*EXERCISE DETAILS*. Every line below between the one holding "1 RVCA TWILL" and the one holding "Astronomy Wallpaper Hd", inclusive, should be copied exactly, and no other line.

*RAW DATA*.
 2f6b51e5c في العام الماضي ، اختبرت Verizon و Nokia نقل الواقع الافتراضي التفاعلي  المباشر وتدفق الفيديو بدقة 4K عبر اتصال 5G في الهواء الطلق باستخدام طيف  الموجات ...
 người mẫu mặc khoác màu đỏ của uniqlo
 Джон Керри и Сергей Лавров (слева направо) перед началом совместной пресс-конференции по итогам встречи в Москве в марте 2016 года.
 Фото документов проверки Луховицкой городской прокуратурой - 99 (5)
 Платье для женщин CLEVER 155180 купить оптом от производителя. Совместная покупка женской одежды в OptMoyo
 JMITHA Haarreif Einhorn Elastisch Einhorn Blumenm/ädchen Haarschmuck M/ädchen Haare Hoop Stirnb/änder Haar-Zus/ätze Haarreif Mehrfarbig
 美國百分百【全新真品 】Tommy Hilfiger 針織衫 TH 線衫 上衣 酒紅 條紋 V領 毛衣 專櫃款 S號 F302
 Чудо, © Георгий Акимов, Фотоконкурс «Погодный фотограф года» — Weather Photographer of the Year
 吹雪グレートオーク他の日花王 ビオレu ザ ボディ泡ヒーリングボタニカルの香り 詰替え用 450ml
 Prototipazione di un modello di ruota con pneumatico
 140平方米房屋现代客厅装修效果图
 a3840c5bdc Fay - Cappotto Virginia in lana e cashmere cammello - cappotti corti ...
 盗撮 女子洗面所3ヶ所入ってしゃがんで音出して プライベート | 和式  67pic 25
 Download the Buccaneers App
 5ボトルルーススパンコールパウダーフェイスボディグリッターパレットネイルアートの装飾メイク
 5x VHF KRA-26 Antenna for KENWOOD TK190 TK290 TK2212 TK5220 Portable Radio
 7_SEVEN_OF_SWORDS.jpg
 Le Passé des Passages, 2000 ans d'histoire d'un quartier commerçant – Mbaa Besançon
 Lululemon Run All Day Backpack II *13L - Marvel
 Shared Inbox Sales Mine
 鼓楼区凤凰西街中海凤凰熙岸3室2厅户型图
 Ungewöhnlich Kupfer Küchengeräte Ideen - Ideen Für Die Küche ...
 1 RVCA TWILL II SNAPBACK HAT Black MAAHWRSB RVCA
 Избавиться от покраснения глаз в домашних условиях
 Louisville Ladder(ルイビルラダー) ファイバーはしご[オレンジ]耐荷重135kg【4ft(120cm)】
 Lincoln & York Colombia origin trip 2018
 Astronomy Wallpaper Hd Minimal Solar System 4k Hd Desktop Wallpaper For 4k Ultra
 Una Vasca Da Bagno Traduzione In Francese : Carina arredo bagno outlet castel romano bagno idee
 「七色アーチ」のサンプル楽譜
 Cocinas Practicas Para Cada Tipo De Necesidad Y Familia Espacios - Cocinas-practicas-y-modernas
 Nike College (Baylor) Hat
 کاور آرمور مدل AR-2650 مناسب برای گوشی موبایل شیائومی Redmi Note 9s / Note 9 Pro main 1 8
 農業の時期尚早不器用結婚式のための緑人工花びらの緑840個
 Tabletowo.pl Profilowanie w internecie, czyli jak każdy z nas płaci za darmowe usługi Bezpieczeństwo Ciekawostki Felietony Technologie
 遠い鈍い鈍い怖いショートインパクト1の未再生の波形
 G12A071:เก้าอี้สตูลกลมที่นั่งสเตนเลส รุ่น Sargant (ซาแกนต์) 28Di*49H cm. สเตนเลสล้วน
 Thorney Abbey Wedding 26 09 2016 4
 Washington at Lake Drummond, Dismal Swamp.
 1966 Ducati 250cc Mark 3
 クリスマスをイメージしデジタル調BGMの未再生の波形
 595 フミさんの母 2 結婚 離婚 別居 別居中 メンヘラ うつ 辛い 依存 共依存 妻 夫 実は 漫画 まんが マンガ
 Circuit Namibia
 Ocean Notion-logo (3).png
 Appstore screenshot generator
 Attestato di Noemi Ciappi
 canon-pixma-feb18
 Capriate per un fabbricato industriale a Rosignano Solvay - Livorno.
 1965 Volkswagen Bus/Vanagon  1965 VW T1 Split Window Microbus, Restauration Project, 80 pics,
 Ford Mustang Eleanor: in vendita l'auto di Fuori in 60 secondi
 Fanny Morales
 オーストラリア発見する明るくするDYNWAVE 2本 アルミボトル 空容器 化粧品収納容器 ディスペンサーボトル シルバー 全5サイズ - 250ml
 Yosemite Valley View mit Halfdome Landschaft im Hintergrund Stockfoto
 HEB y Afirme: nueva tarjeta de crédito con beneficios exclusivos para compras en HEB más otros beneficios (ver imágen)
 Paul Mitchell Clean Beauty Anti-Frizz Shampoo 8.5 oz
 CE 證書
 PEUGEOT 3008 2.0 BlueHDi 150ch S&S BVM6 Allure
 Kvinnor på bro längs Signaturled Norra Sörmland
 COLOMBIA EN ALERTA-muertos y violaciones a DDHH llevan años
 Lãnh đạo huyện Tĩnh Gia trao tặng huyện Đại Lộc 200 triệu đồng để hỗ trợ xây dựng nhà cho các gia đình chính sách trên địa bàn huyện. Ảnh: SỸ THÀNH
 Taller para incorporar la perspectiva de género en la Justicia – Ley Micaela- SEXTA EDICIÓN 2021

*OUTPUT BELOW*.
 1 RVCA TWILL II SNAPBACK HAT Black MAAHWRSB RVCA
 Избавиться от покраснения глаз в домашних условиях
 Louisville Ladder(ルイビルラダー) ファイバーはしご[オレンジ]耐荷重135kg【4ft(120cm)】
 Lincoln & York Colombia origin trip 2018
 Astronomy Wallpaper Hd Minimal Solar System 4k Hd Desktop Wallpaper For 4k Ultra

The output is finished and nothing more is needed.